Das ganze sollte aber auch mit einer for Schleife funktionieren, im Grunde so wie die while Schleife von MajinVegeta, dann hast du noch die Möglichkeit zu bestimmen wieviele angezeigt werden sollen. Dazu mußt du allerdings die Anzahl der Einträge vorher zählen.


----------



## redback79 (6. März 2002)

*width....*

nach stundenlangem probieren hab ich's zumindest ansatzweise geschafft... *gg*

weiss jemand wesshalb man beim einbinden einer tabelle mit dem parameter width="100%" nichts anfangen kann??

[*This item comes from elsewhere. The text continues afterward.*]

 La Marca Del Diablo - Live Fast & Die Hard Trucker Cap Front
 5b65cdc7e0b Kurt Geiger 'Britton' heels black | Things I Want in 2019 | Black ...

der bringt bei relativen breitenangebn ger keine ausgabe der tabelle!

THX


----------



## redback79 (6. März 2002)

*nl2br*

ach und noch was... 

wie kann ich einen mit folgender echo ausgabe einen "normalen" zeilenumbruch in einen <br> umwandeln???


```
...
echo("<td>nl2br($daten->eintrag)</td>");
...
```


der "frisst" mir mein "nl2br" nicht.... wie sieht da die syntax aus??


----------



## redback79 (6. März 2002)

ich habs jetzt so gemacht:


```
while($daten = mysql_fetch_object($sqlanfrage))     
    {                                                
$datum = getdate($daten->id);         
                
echo("<table border=\"1\"\width=\"400\">");
  echo("<tr>");
    echo("<td>$daten->titel</td>");
  echo("</tr>");
  echo("<tr>");
    echo("<td>Geschrieben am: $datum[weekday] - $datum[mday]/$datum[mon]/$datum[year] um: $datum[hours]:$datum[minutes]</td>");
  echo("</tr>");
  echo("<tr>");
    echo("<td>\nl2br($daten->eintrag)</td>");
  echo("</tr>");
echo("</table>");
echo("<p>");
        
    }
```

scheint mir ein wenig zuviel echo... aber es funktioniert jedenfalls!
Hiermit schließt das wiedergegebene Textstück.